DATA EXTRACT:
════════════════════

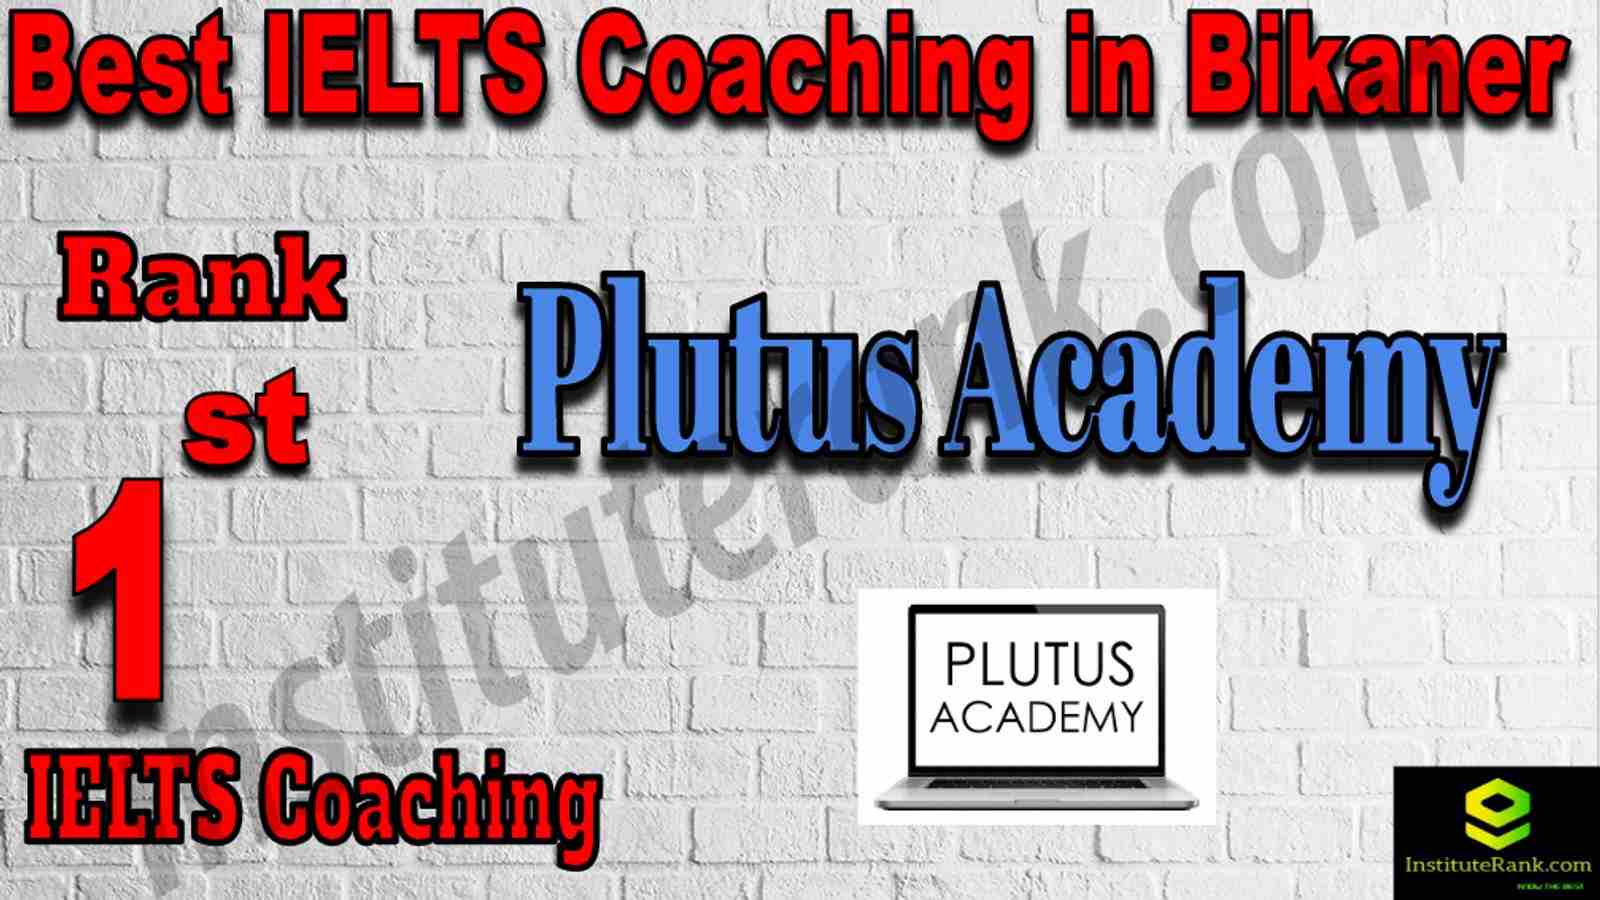 1st Best IELTS Coaching in Bikaner
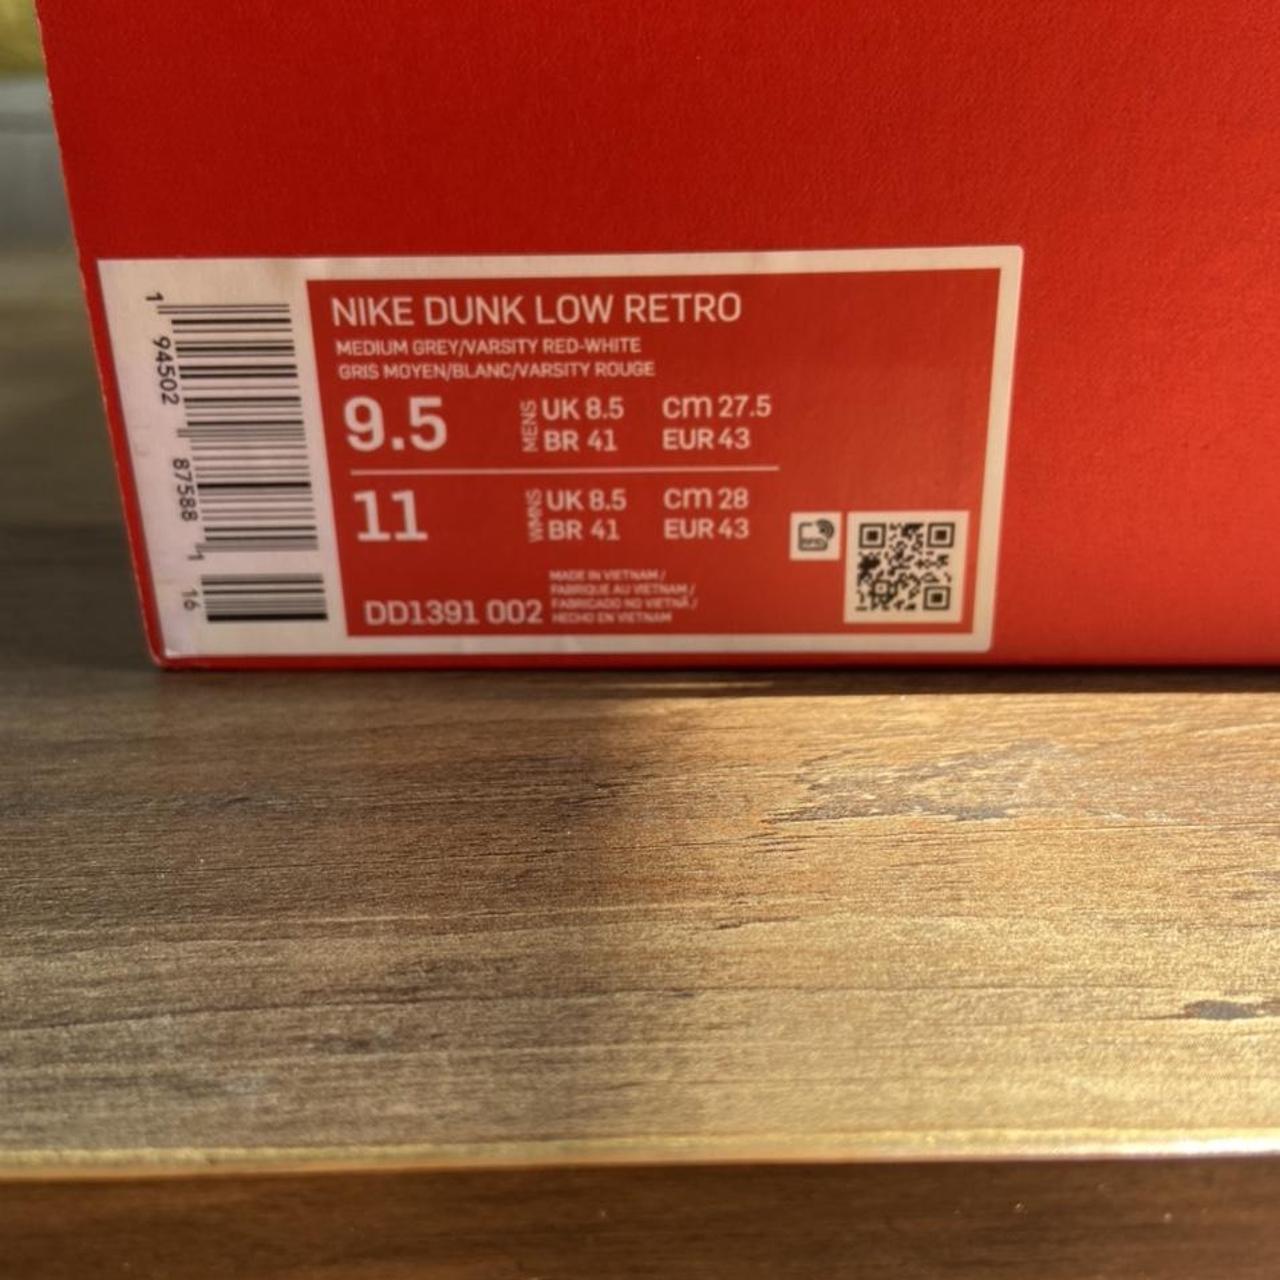 Nike dunk low retro medium grey varsity red unlv(2021) - Depop
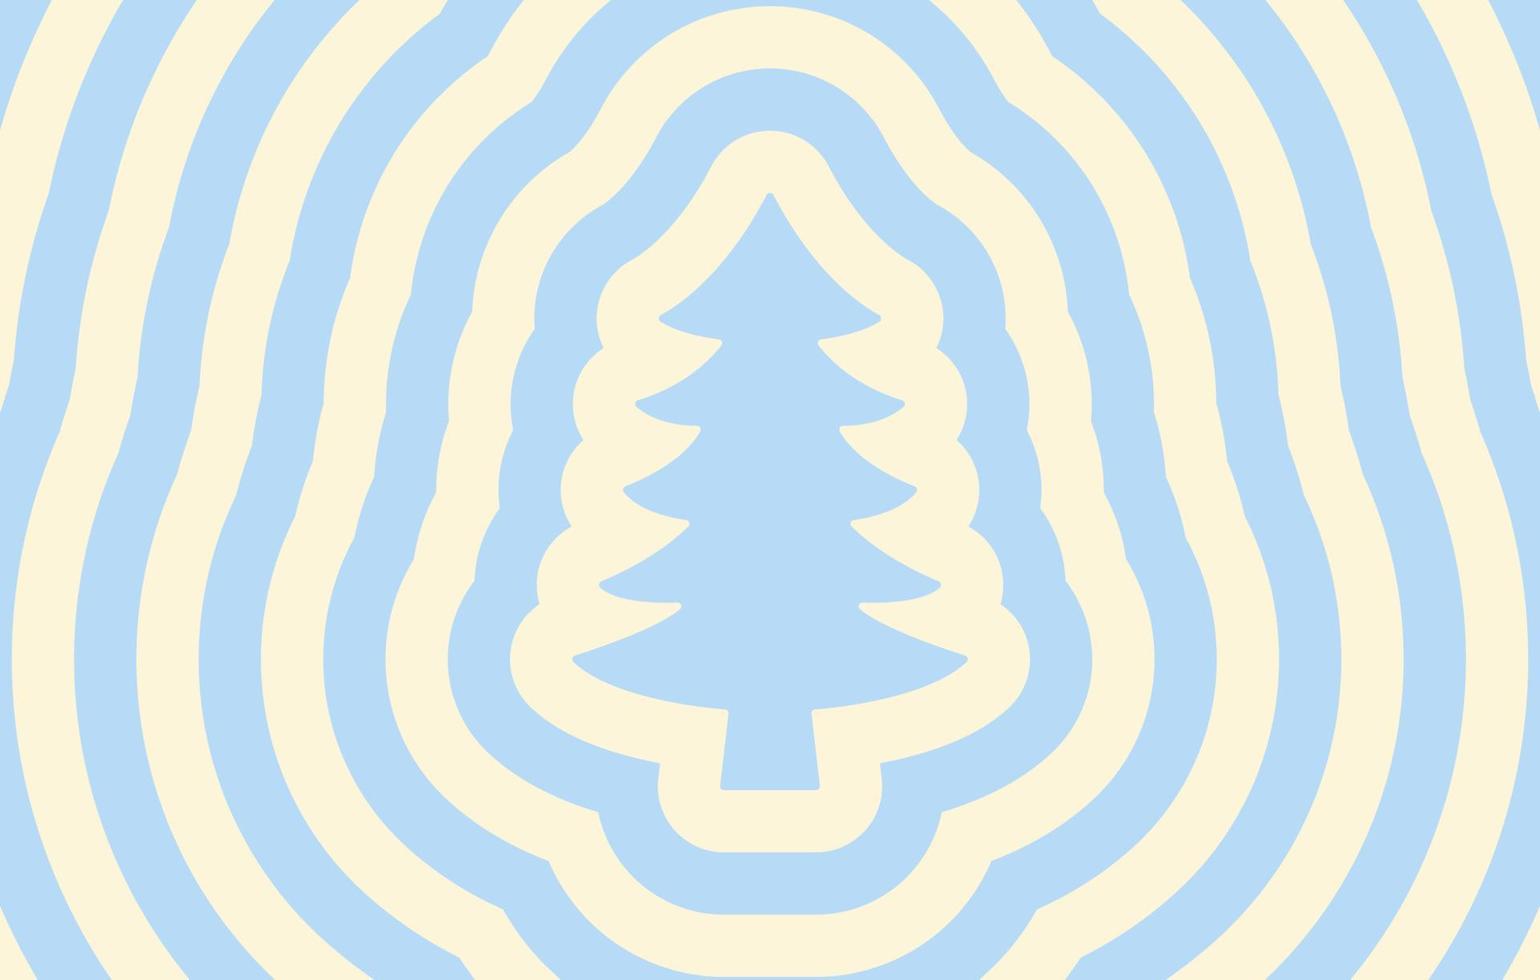 arrière-plan monochrome horizontal rétro avec arbre de Noël silhouette répétitif. imprimé hippie vectoriel tendance dans le style des années 70, 80. couleurs pastels

════════════════════

WHAT NEEDS TO BE DONE:
For this exercise, transcribe the data exactly but without its pictures.

RESPONSE BELOW:
 1st Best IELTS Coaching in Bikaner
 Nike dunk low retro medium grey varsity red unlv(2021) - Depop
 arrière-plan monochrome horizontal rétro avec arbre de Noël silhouette répétitif. imprimé hippie vectoriel tendance dans le style des années 70, 80. couleurs pastels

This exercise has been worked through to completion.